You must dry your steak before putting on the grill and you will get a better sear. But good job.
Thanks man. Cheers!
Fire Escape Griller do you still have the same gill? Is it still working good?
Fire Escape Griller I just bought one today for my brother as a Christmas gift so I came across all your videos and enjoying watching them
Thanks. I'm sure your brother will love this grill. For a small, portable grill it's perfect. Great gift!
2.5 years. Works great! I don't even cover it and the ignition still starts with one touch.
Looks a lot like a T Bone, but I am in OZ
Thanks for watching in Australia. I get my second most views from there.

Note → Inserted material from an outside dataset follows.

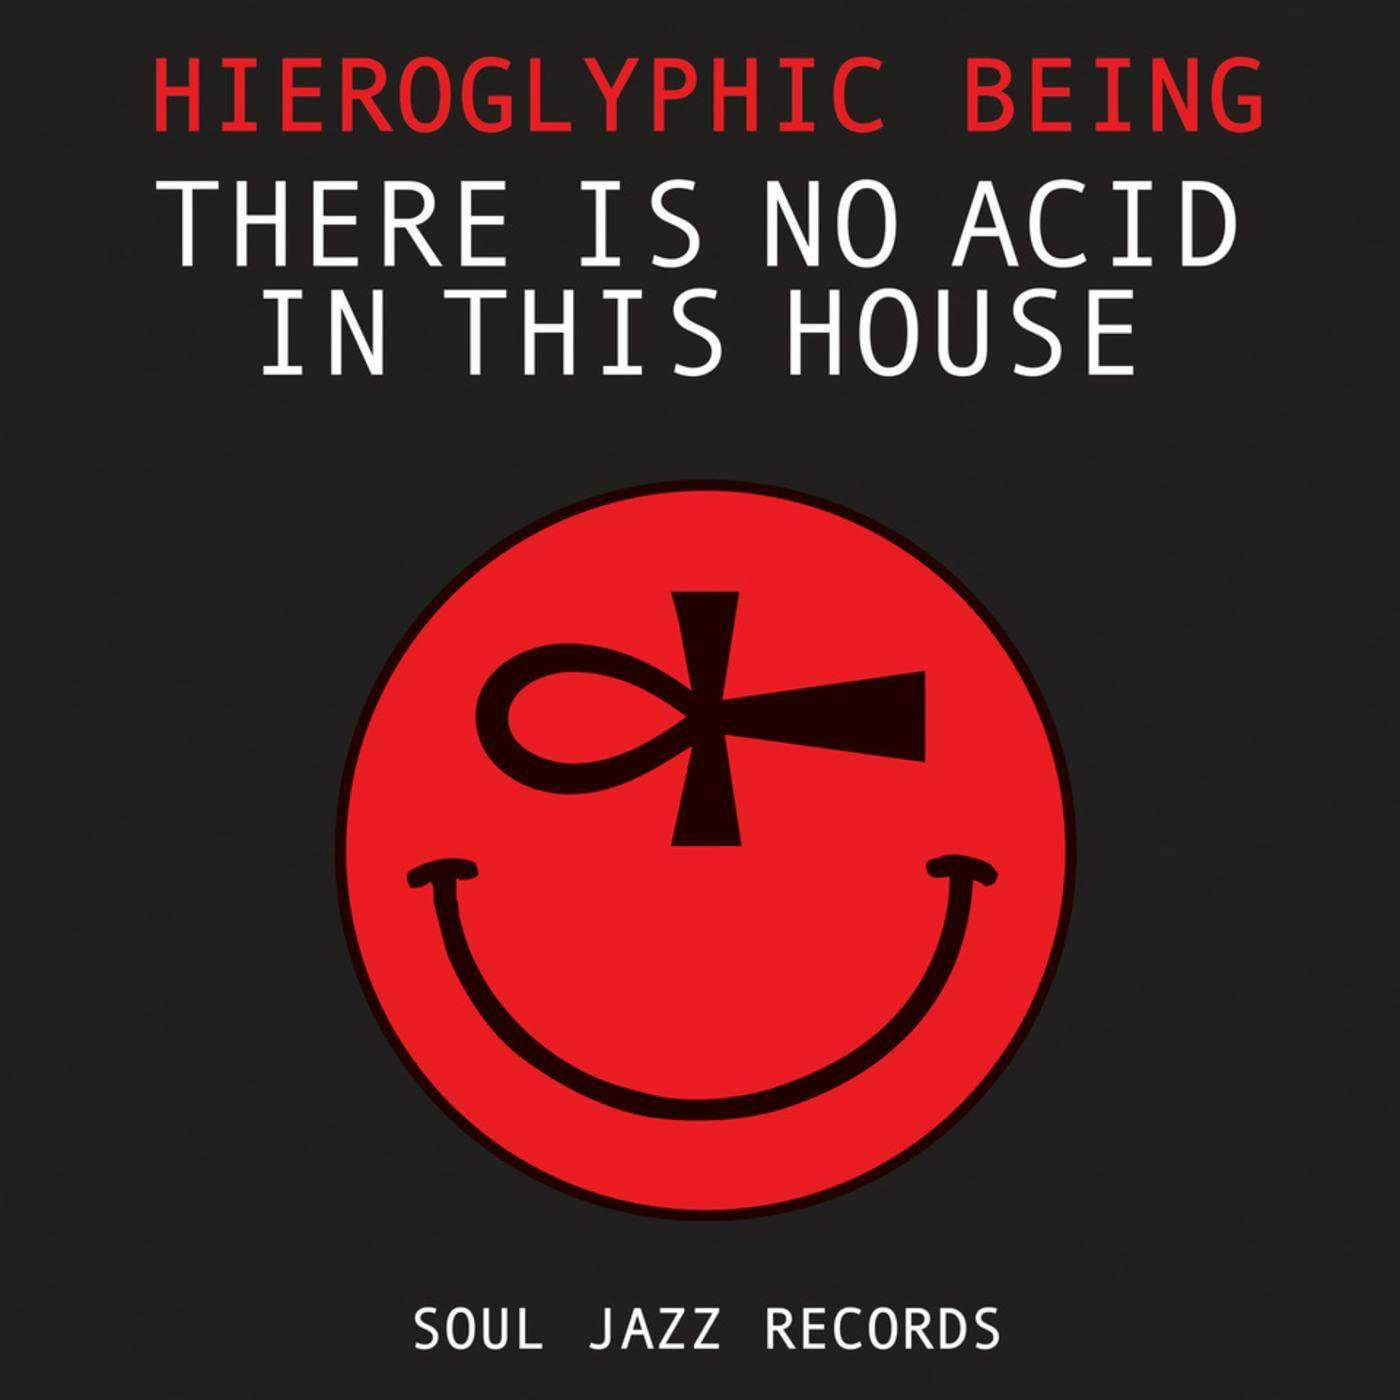 Hieroglyphic Being There Is No Acid In This House Vinyl Record
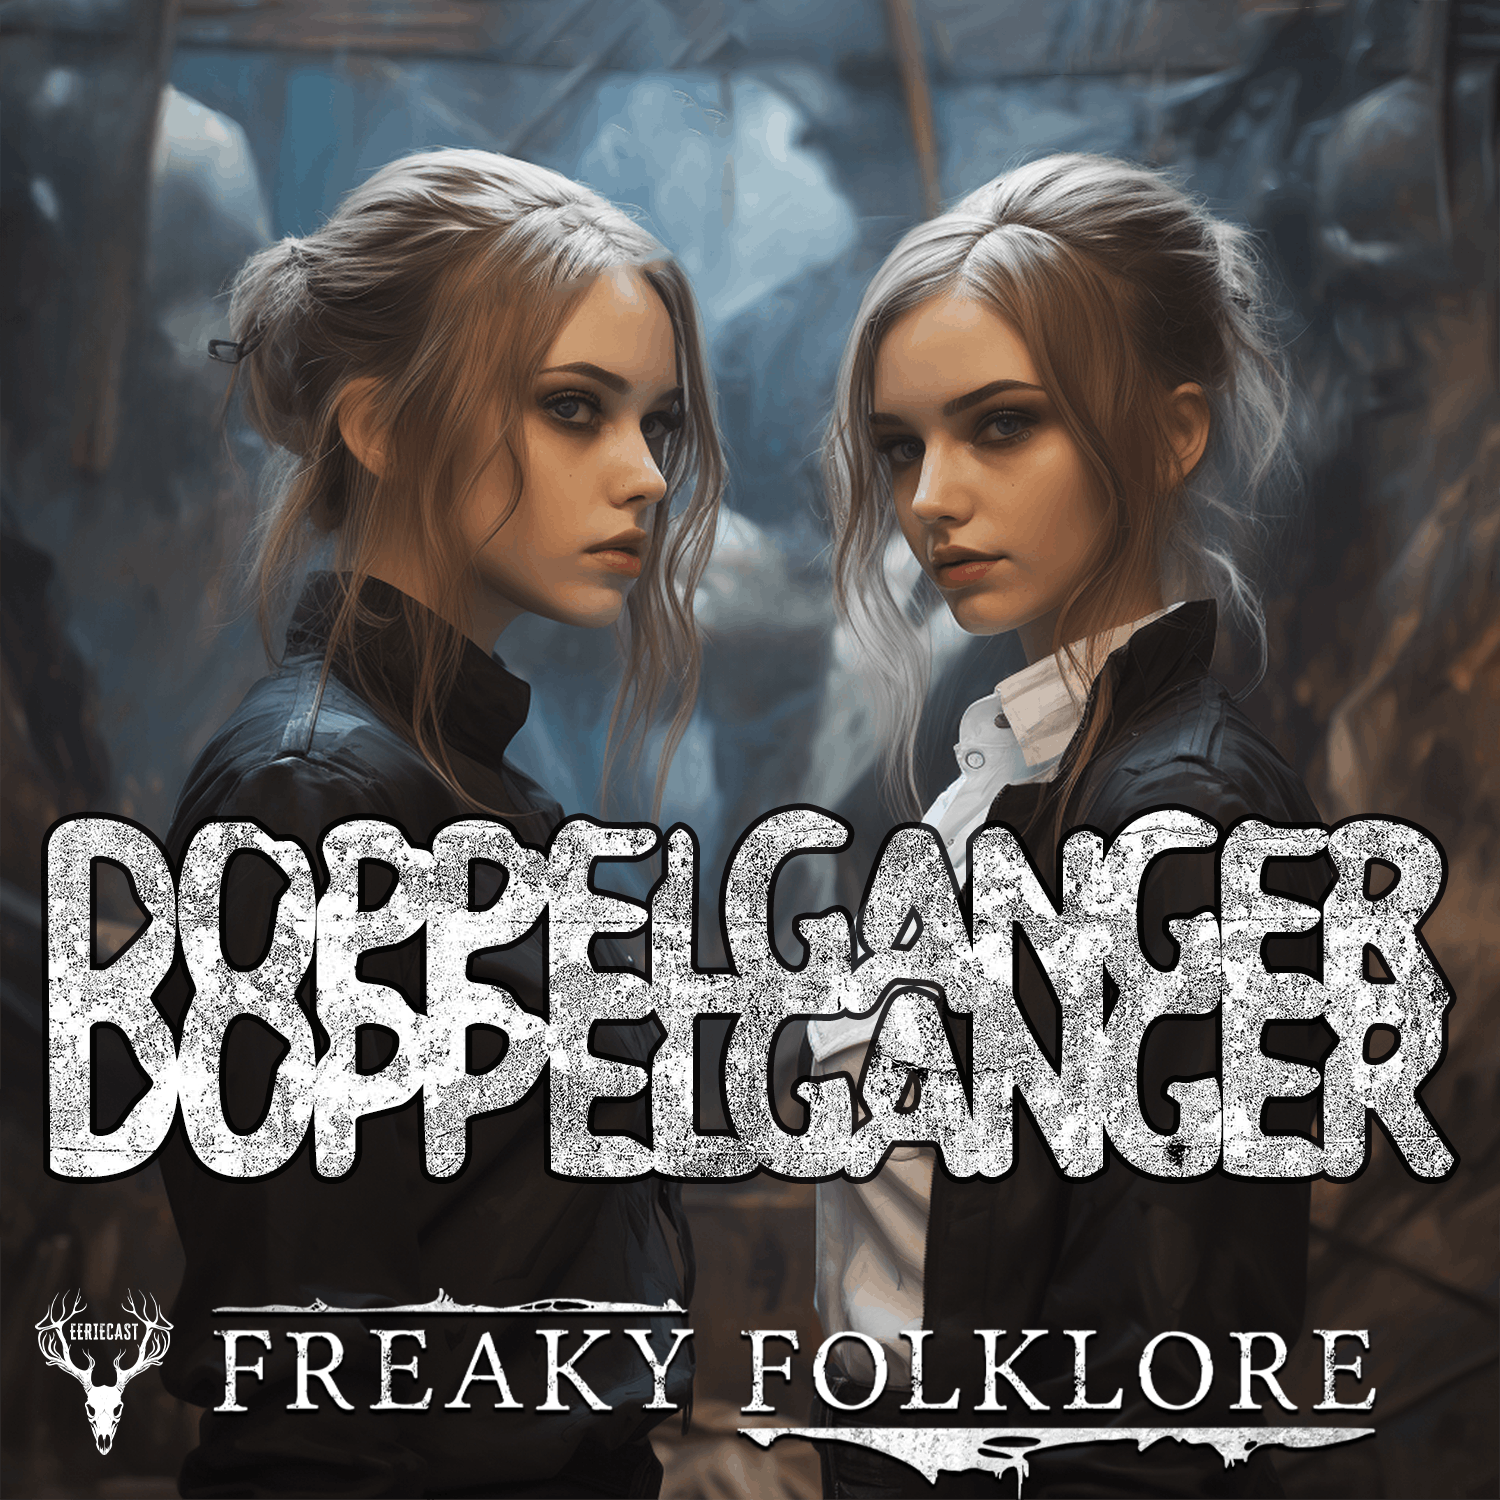 Listen to Freaky Folklore podcast

MrResiman a Porterhouse IS a T-bone. The difference is that the Porterhouse has more meat on the tenderloin side. The T-bone is cut closer to the front of the short loin, so they have less tenderloin steak on it.
MrResiman by the way, I LOVE Australia! I was able to go for vacation about 13 years ago, and I miss it so much. I gotta get back to Cairns!
ma! sono perplesso. perchè prima una cottura indiretta e poi quella diretta?? il risultato finale mi da l'impressione della carne troppo cotta e quasi bollita. Senza parlare dei liquidi al taglio per il mancato riposo.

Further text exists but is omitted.